> [Provided data]:
▬▬▬▬▬▬

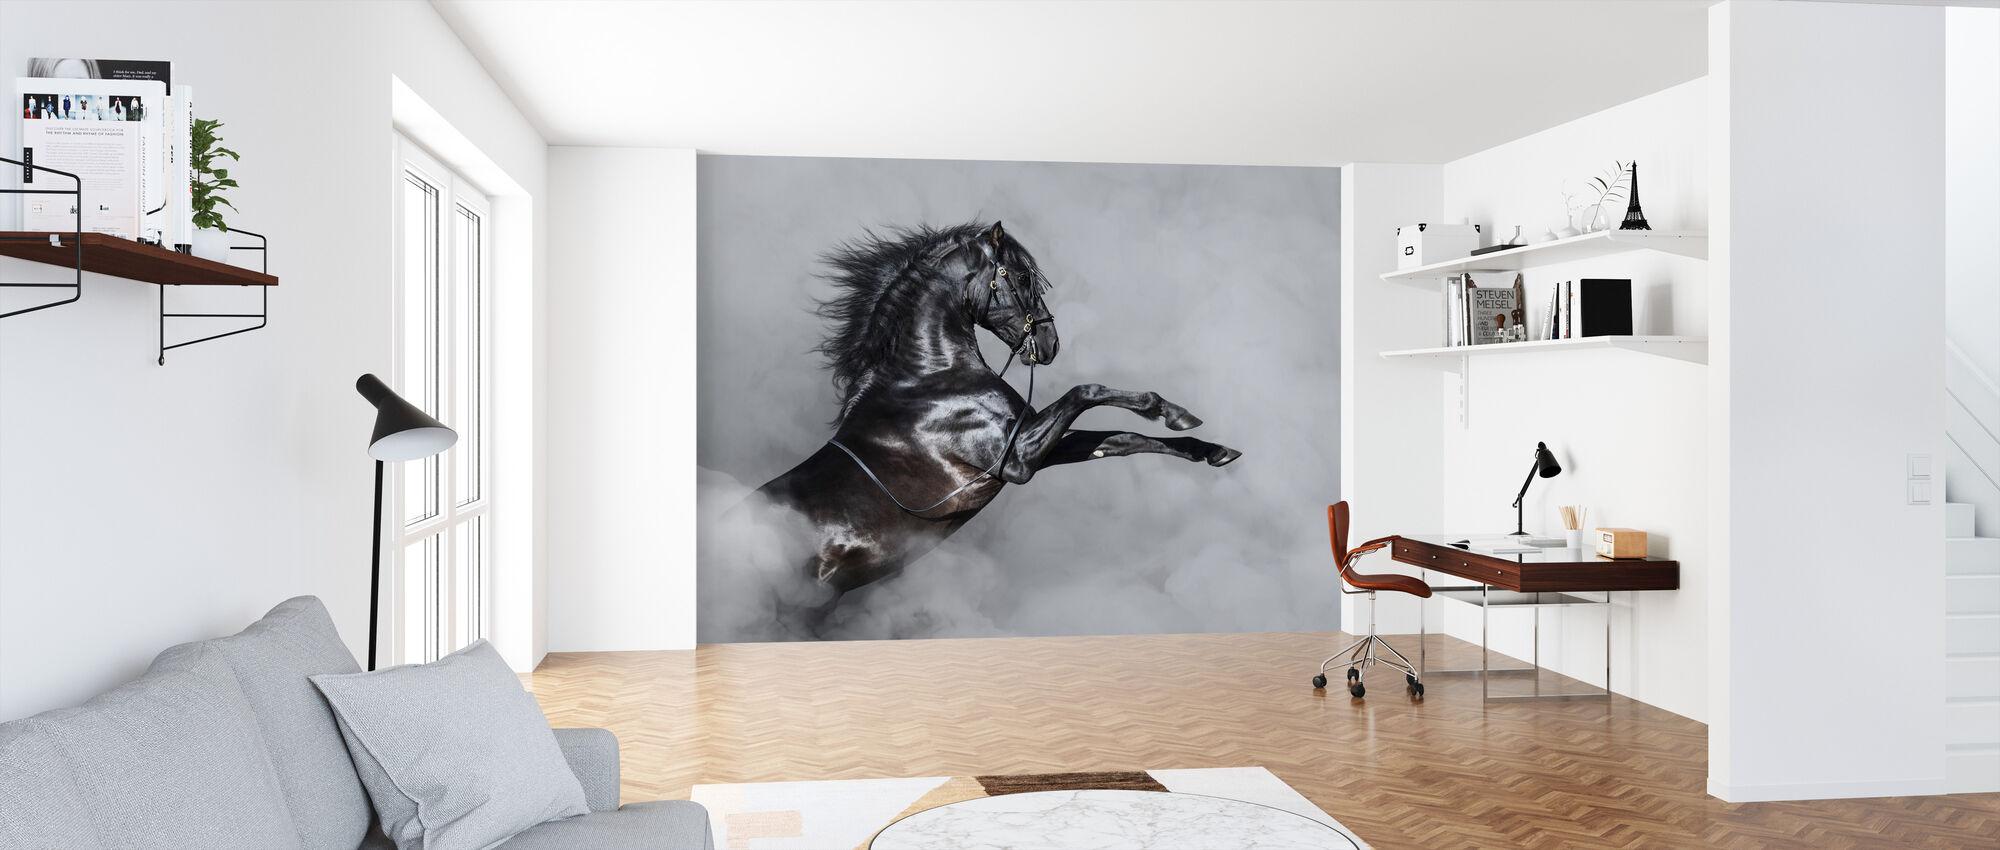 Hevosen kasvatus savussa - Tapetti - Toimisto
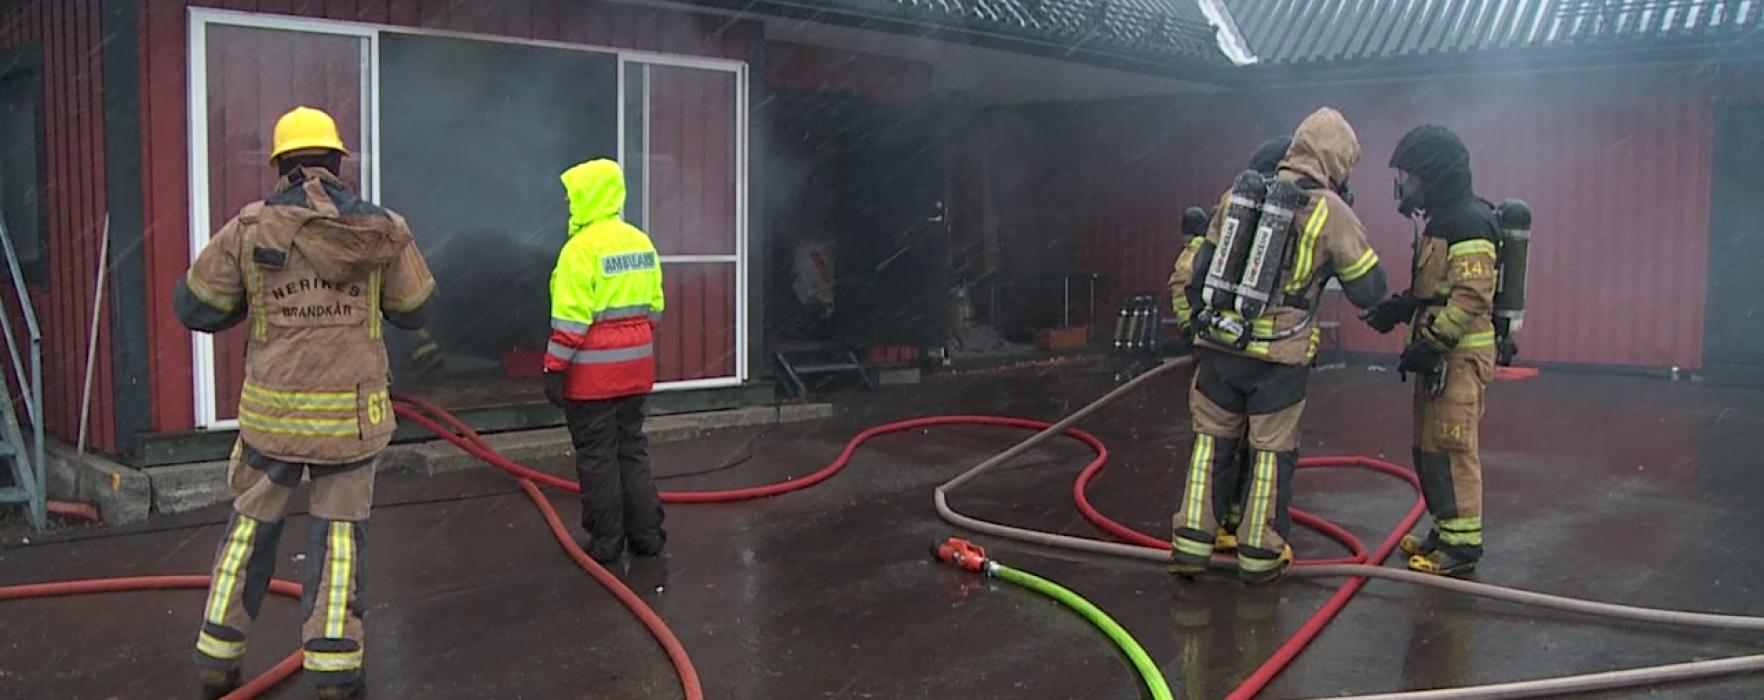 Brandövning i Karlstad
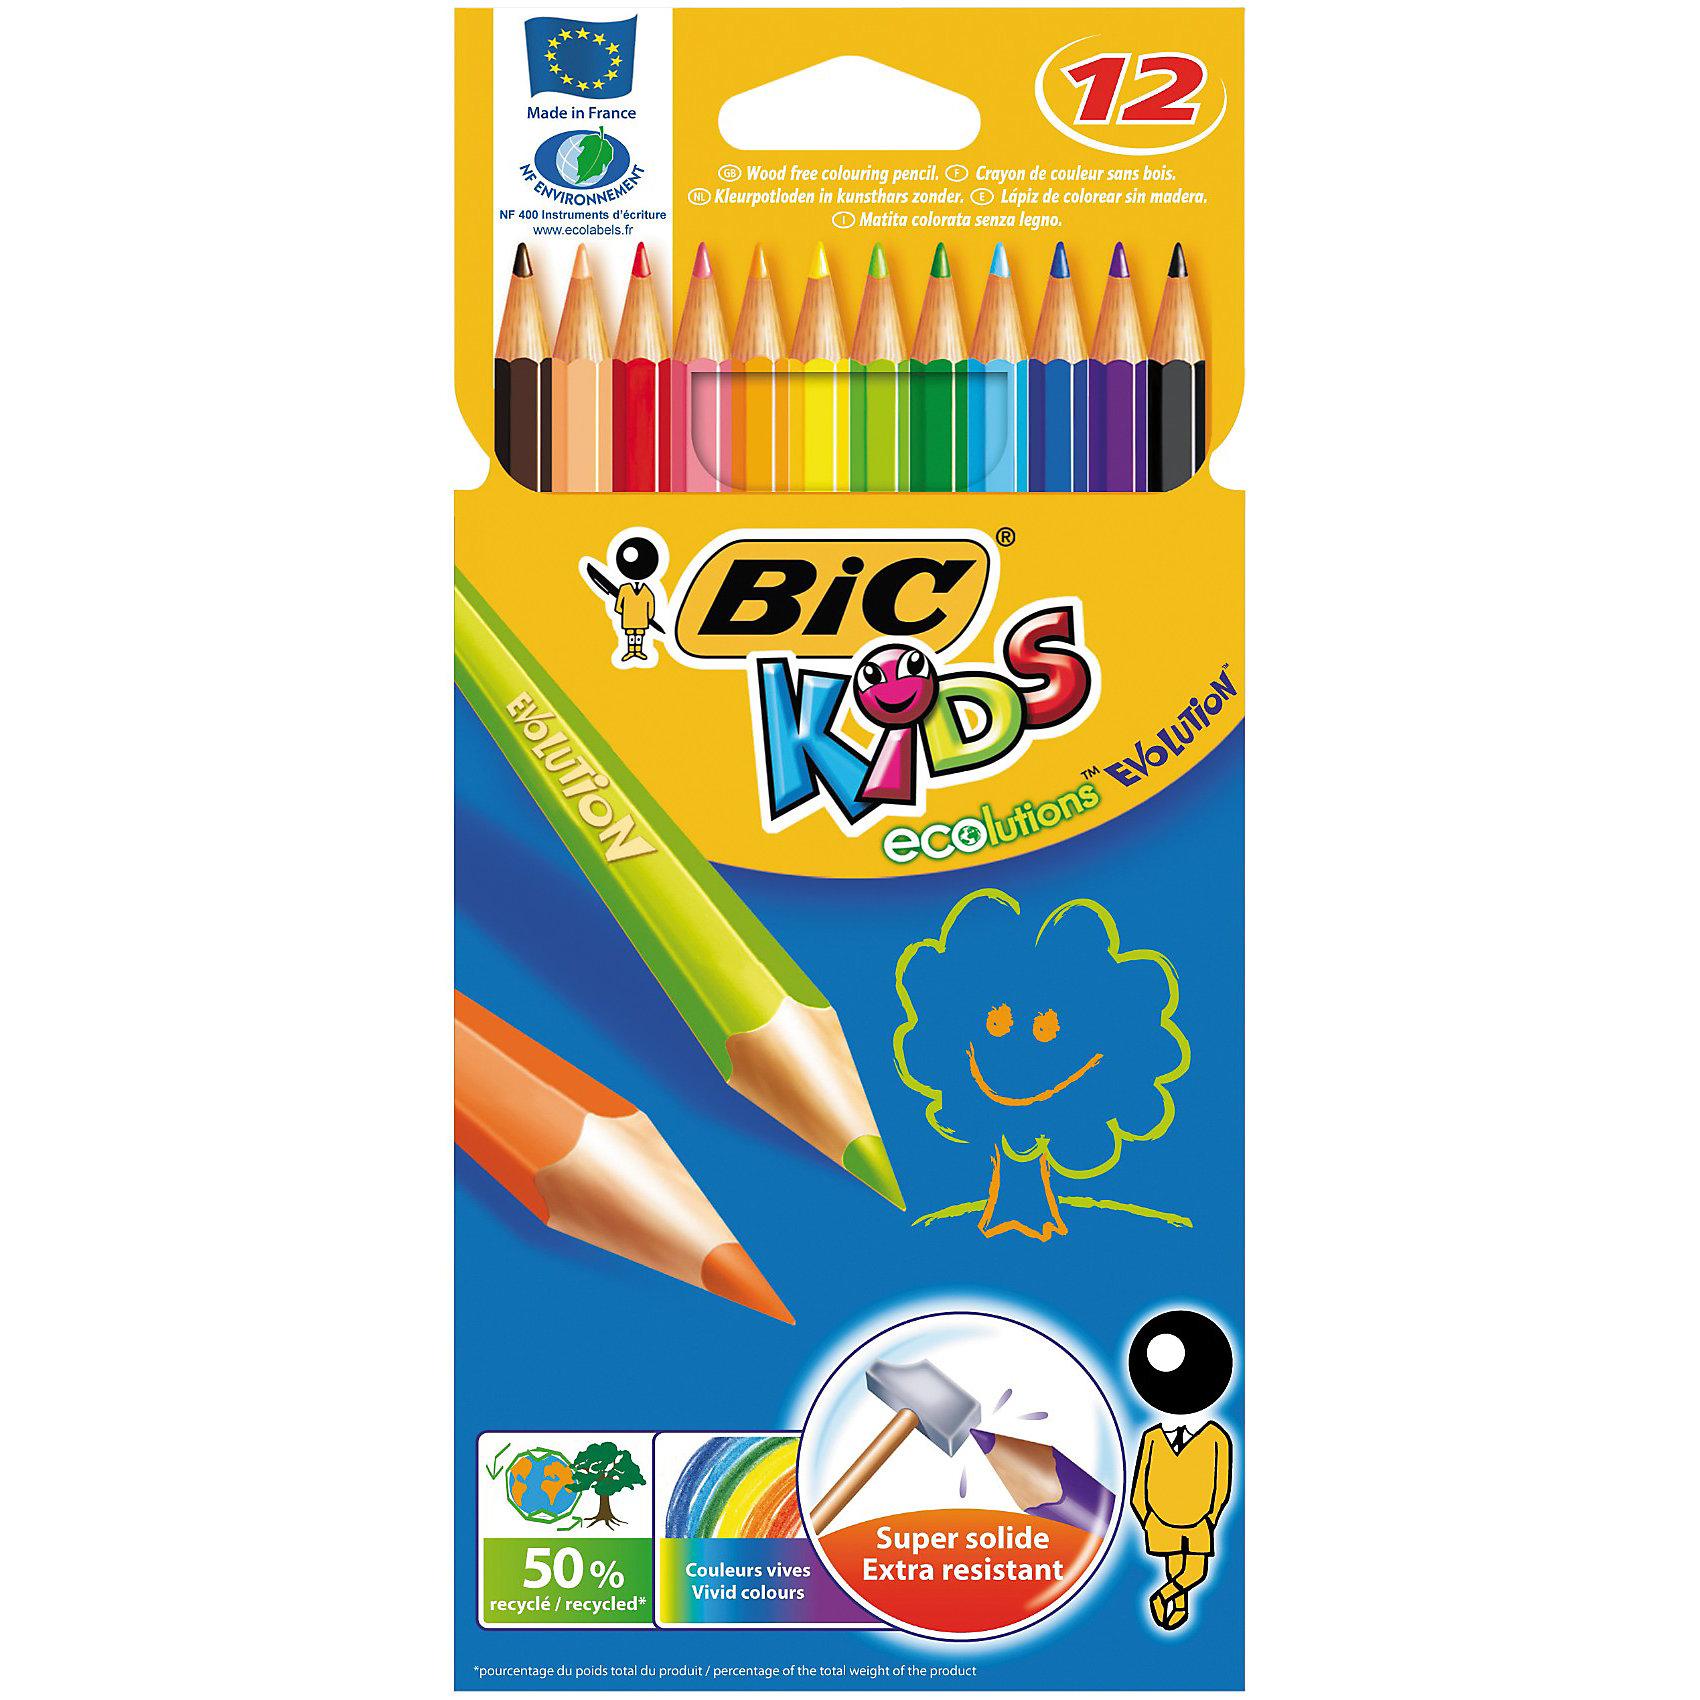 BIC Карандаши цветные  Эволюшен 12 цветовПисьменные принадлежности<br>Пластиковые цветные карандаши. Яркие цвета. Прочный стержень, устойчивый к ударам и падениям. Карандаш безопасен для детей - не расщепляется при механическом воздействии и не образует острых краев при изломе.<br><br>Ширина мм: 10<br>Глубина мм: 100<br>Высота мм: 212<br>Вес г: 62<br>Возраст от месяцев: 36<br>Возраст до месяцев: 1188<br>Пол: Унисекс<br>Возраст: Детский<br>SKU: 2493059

▬▬▬▬▬▬

> [What is needed]:
Only the lines from the beginning of the listing through the line with "Brandövning i Karlstad", both ends included, are to be repeated exactly; pictures stay out.

> [Reply to the task]:
 Hevosen kasvatus savussa - Tapetti - Toimisto
 Brandövning i Karlstad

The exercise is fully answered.